# Martini Henry in ww1



## The Basket (Mar 5, 2017)

Considering a shortage of rifles how prevalent was the Martini Henry in ww1 and did it see any action?
The rate of fire of the Martini is actually about every six seconds so not that slow and in terms of firepower is powerful although short ranged.


----------



## mikewint (Mar 5, 2017)

The Martini-Henry rifles were produced substantially by hand, making the quality extremely variable. Though efforts were being made to phase out these rifles by the 1890s, some 9000 were still in service in 1906. In addition the .577/450 Martini–Henry cartridge was considered obsolete, though it was still in military production as late as World War I, and in commercial production by Kynoch until the late 1950s.

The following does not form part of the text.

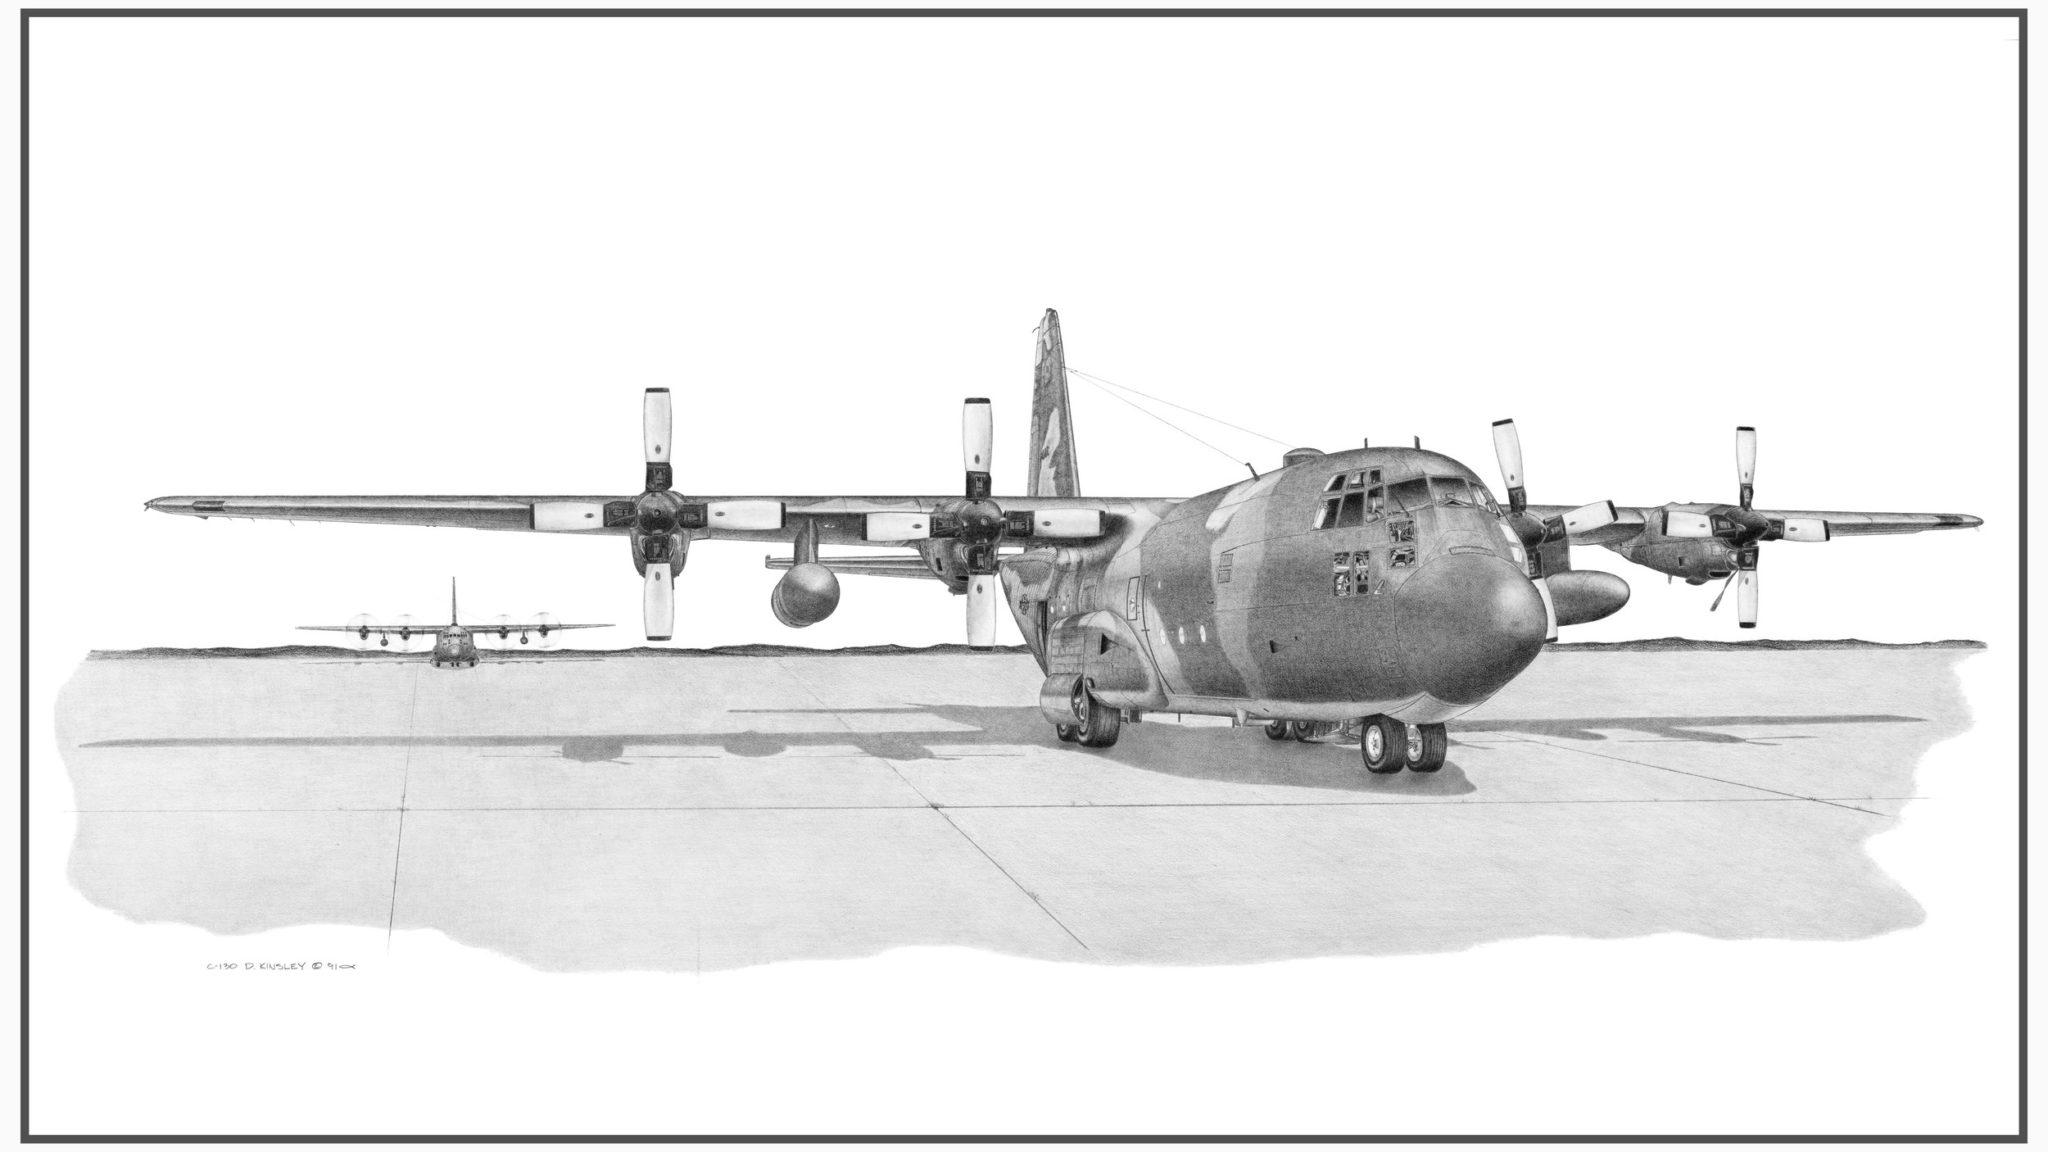 C-130 Hercules 1

Therefore the Martini–Henry did see service in World War I in a variety of roles, primarily as a Reserve Arm, but it was also issued (in the early stages of the war) to the Royal Flying Corps observers and Zeppelin-buster aircrews, using an incendiary spitzer bullet. The spitzer was also effective against aircraft. Martini–Henrys were also used in the African and Middle Eastern theatres during World War I, in the hands of Native Auxiliary troops.


----------



## The Basket (Mar 6, 2017)

There was a shortage of firearms at the begining of the war so the use of Martini rifles I would hazard a guess have been expressed if only for UK based troops.


----------



## Shortround6 (Mar 18, 2017)

mikewint said:


> Martini–Henrys were also used in the African and Middle Eastern theatres during World War I, in the hands of Native Auxiliary troops.



This was pretty much a standard policy since the Sepoy Mutiny of 1857. Native troops were often equipped with rifles one generation behind what the British troops had. Native troops kept muzzle loaders when regular troops got Sniders, Native troops got Sniders when regulars got Martini–Henrys. Kind of went out the window in WW I.


----------